# Help me watch T.V.



## Trip (Nov 10, 2006)

So, at my apartment I get free internet and cable T.V. through the provider MSTAR. Both the internet and the cable T.V. is accessed through ethernet cables which plug into a router.

What I'm wondering is: can I access the television I regularly watch on a T.V. set on my MacBook? I mean, is there some program that would be able to encode the data from the ethernet and let me watch T.V.?

I don't know if it's possible but it seems fairly logical to me, unforunately I can't find anything about it on Google. Hopefully someone here has more knowledge then me in that area.


----------



## g/re/p (Nov 10, 2006)

You need one of _these_:

http://www.elgato.com/index.php?file=products_eyetvhybridna


----------



## lucidmcmillan (Nov 10, 2006)

EyeTVs are great, the ability to use your mac as a HD recorder is so useful.


----------



## Trip (Nov 10, 2006)

Wow, pricy.


----------



## lucidmcmillan (Nov 10, 2006)

They do quite a few different ones.

I'd say that they're your best bet to get TV on your mac and they integrate wonderfully with an online TV schedule, meaning that you can easily set it up to record programs.


----------



## Satcomer (Nov 10, 2006)

Also there is a new technology out (a new Mac beta) from Slingbox. It looks like a very interesting technology.


----------



## Thank The Cheese (Nov 15, 2006)

lucidmcmillan said:


> EyeTVs are great, the ability to use your mac as a HD recorder is so useful.



HDTV is only with the EyeTV 500 though (speaking of which -- where in the world can I buy the EyeTV 500? Been waiting for it to come to an australian store for months now)

I've been using an EyeTV 200 for around 2 years now on my iMac. It works great. I bought an EyeTV hybrid a couple of months ago, but returned it. Although it works great, don't believe what it says about the zero latency for game play. Not only was there a latency on my iMac (albeit a small one), but in order to function the software forced me to downscale the video to ~320x240 resolution. It looks terrible at full screen.

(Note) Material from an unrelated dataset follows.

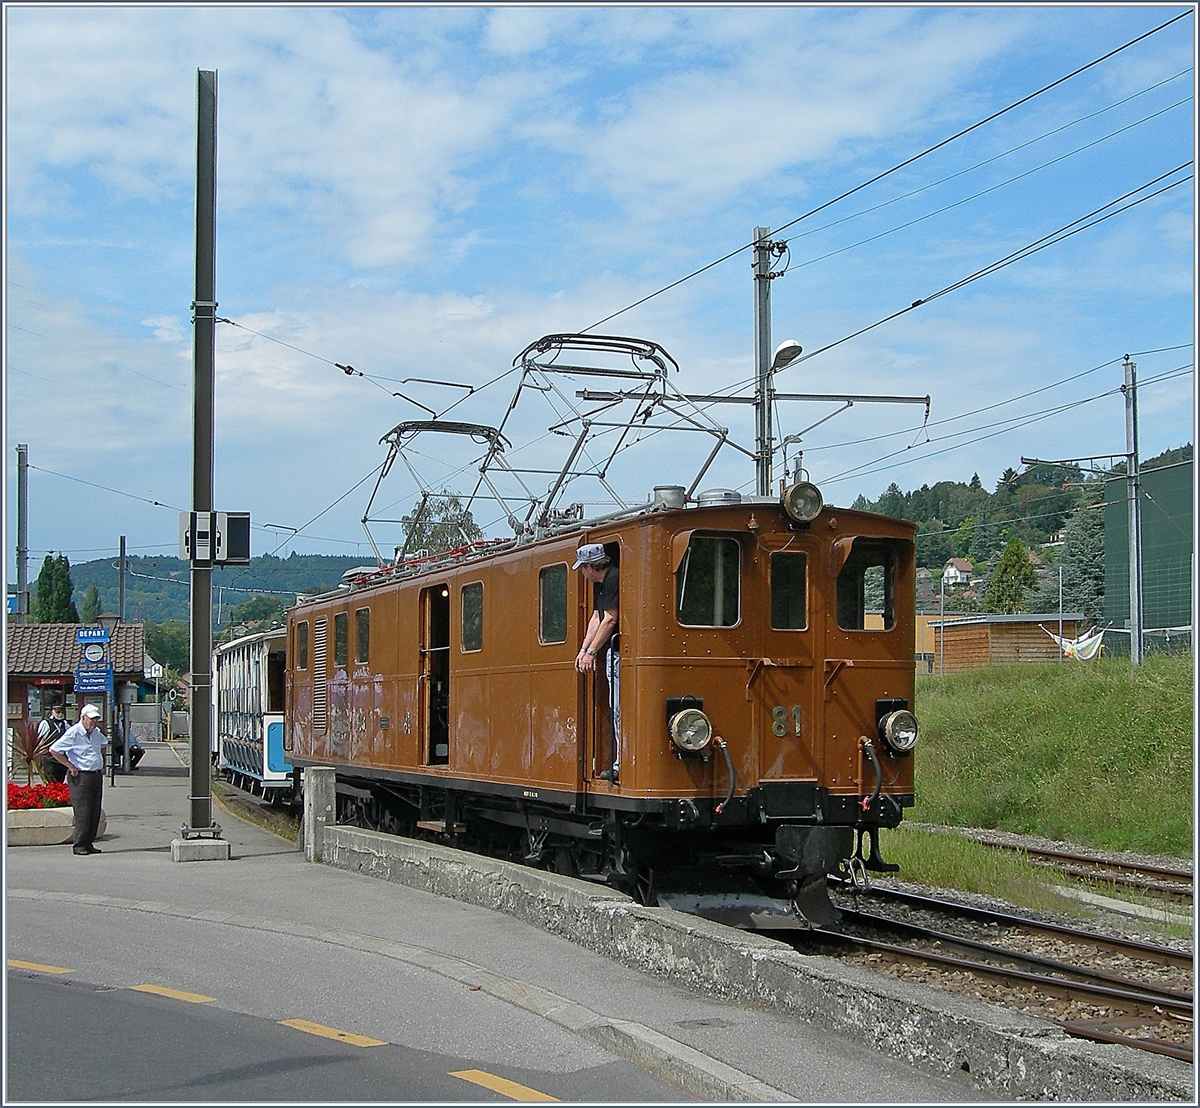 Die Bernina Bahn Ge 4/4 81 der Blonay-Chamby Bahn wartet in Blonay auf die Abfahrt nach Chaulin. 

16. August 2020

However, if you don't plan on hooking up a gaming console to it,you won't be disappointed. THe software is fantastic, and works just as advertised.


----------



## karavite (Dec 4, 2006)

You know, as I read about all the hassles and effort going in to watching TV on a computer, I can't help but think of one of the most innovative computers ever built, that completely flopped, that was built for video. I had two before I gave up and switched to Mac a long time ago. Any guesses?

Yep, the Amiga. If anyone remembers the Amiga was first in video editing (Video Toaster) on a personal computer WAY before PC's or Macs could even handle simply displaying video. Why? Because the Amiga displayed video as standard NTSC - just like TV. If anyone technical can help understand all this, aren't we simply suffering from the complexity of converting video between different display standards? If true, wasn't the Amiga simple and elegant in adopting the standard broadcast display?


----------



## eric2006 (Dec 4, 2006)

karavite said:


> You know, as I read about all the hassles and effort going in to watching TV on a computer, I can't help but think of one of the most innovative computers ever built, that completely flopped, that was built for video.


I was going to say the Macintosh TV.. but that's a bit of a long shot.. 


> I had two *before* I gave up and switched to Mac a long time ago. Any guesses?


right.


----------